*Problem details*. Once the line with "Buy River Island" is found in the data, output it and each following line exactly, up to and including the line with "SYNGAR Licensed Toyota", and nothing before or after.

*Input material*.
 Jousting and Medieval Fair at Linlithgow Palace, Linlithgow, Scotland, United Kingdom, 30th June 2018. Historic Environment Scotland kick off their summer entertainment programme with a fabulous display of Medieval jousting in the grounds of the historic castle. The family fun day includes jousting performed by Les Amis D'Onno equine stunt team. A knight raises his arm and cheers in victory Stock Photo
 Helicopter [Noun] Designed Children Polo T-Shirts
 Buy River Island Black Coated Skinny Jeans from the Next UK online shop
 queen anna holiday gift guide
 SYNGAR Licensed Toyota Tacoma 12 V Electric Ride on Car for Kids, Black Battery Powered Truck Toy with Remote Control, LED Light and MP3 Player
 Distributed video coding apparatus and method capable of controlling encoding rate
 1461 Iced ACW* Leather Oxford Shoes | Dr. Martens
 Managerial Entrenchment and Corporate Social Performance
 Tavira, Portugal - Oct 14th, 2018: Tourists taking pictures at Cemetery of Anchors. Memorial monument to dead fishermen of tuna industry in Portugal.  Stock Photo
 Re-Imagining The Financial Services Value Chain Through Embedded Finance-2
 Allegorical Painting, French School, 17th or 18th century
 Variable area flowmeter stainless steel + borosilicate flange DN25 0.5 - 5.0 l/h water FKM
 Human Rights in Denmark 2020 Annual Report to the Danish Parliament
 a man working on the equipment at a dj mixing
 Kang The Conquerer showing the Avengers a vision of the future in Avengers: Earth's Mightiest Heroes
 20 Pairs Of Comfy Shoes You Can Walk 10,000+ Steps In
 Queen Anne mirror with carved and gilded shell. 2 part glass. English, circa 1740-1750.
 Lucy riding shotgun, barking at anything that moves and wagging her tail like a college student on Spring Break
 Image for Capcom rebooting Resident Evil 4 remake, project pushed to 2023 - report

*Output for this task*.
 Buy River Island Black Coated Skinny Jeans from the Next UK online shop
 queen anna holiday gift guide
 SYNGAR Licensed Toyota Tacoma 12 V Electric Ride on Car for Kids, Black Battery Powered Truck Toy with Remote Control, LED Light and MP3 Player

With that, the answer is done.